The deal I made with myself, and then with Netta, was that if and when she recovered sufficiently to breathe on her own and have the hated plastic tube removed,
then
I would go to the States. If she didn’t, I wouldn’t. Netta loved a challenge, so with the doctors scratching their heads, she continued to improve. She was moved out of the ICU and into a room of her own, complete with TV, and within a few days she was breathing unassisted. Her mouth and throat were still sore from the ventilator that had been in place, so she spoke quietly but she was sitting up in bed and drinking tea and even had some color in her cheeks. As soon as she could, she was ordering everyone around and telling them what needed to be done. My job was to go to America.

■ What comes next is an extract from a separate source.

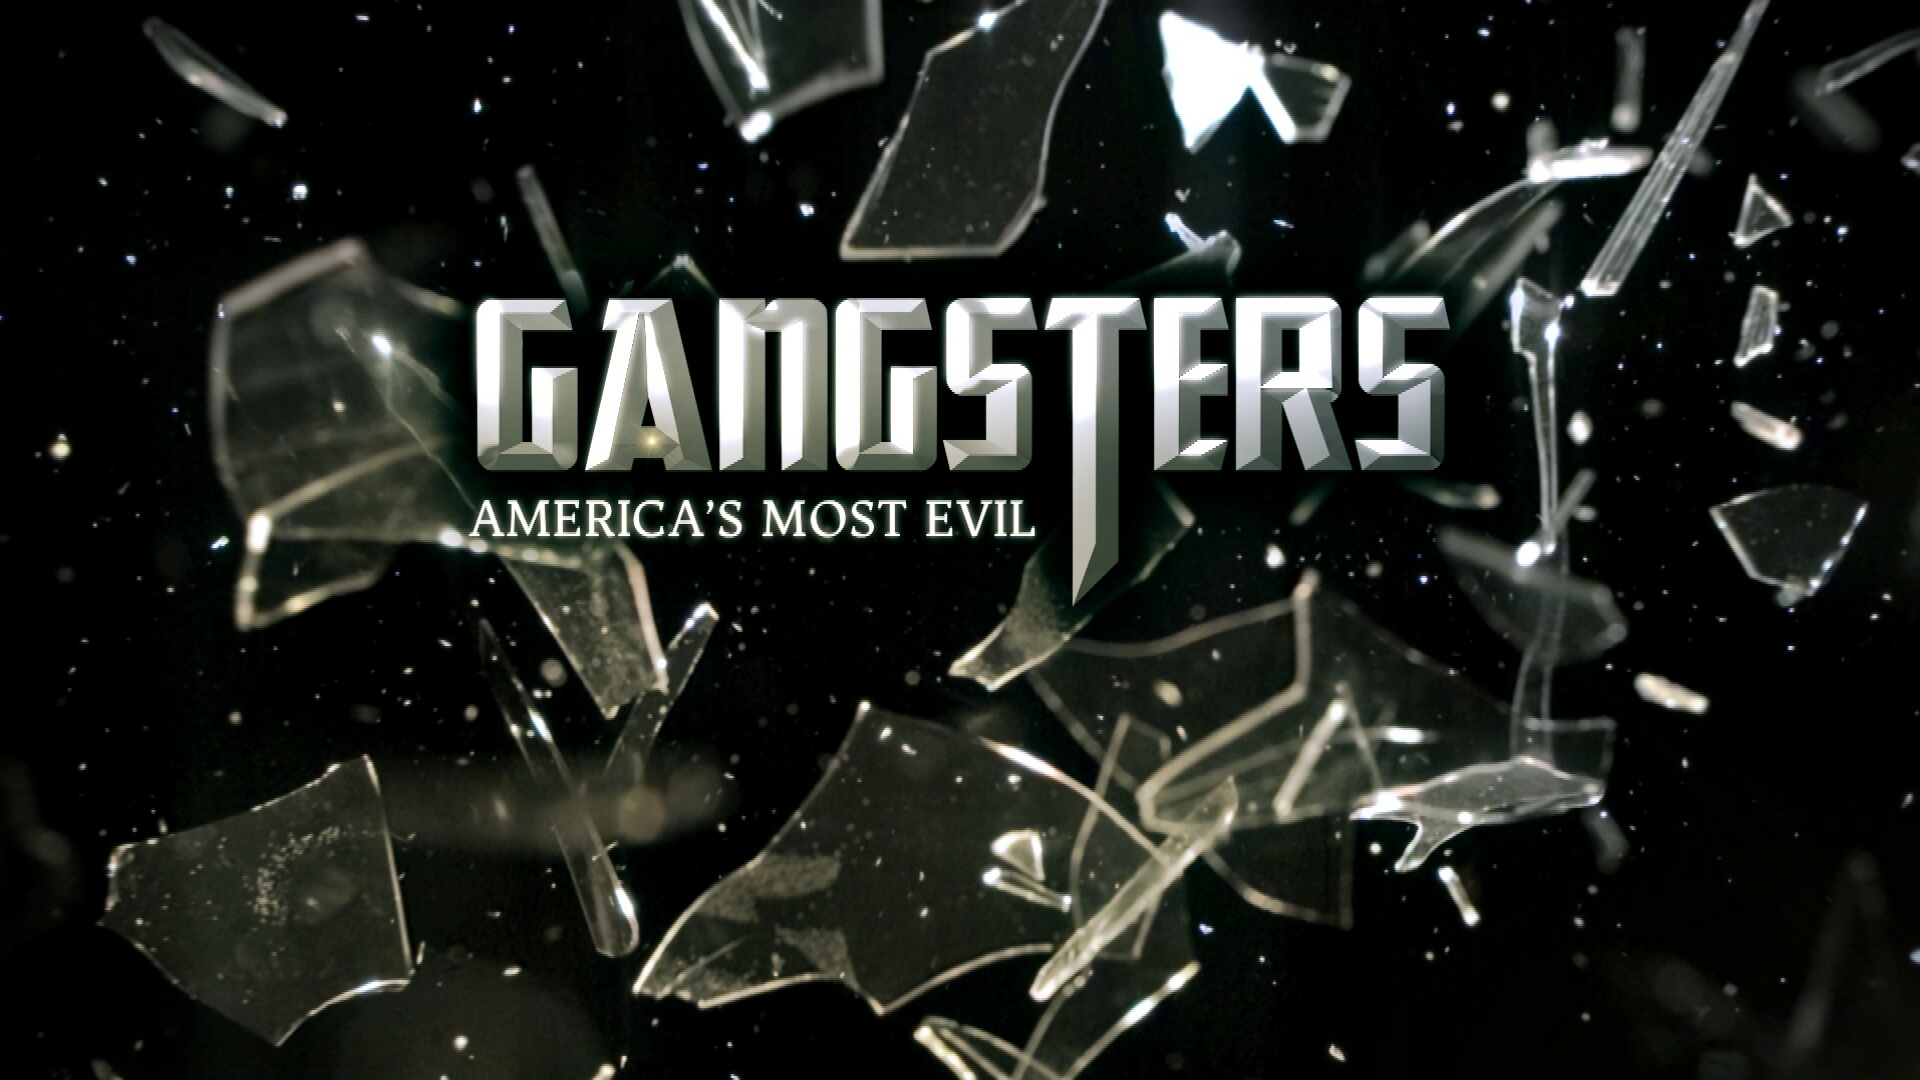 "Gansters" America's Most Evil"

I said I would delay for a bit because after all she wasn’t out of the woods yet, she still had cancer and needed treatment—now radiation instead of chemo—but she said no. And that was that.

 

So on January 25, 1995, I arrived at LAX with two suitcases full of clothes. I had left a mountain of debt and a sick mother back home and I was in no way convinced I was doing the right thing, but a
deal was a deal, and I had made one with my mother, and another with Disney.

If I wanted to get paid I had to be here—and, to be honest, every time I get off a plane from another country and realize I’m back in the U.S., I get a charge of excitement.

It feels like anything is possible, that the adventure of my life is finally unfolding as it was meant to. It feels like I’m where I should be, at last.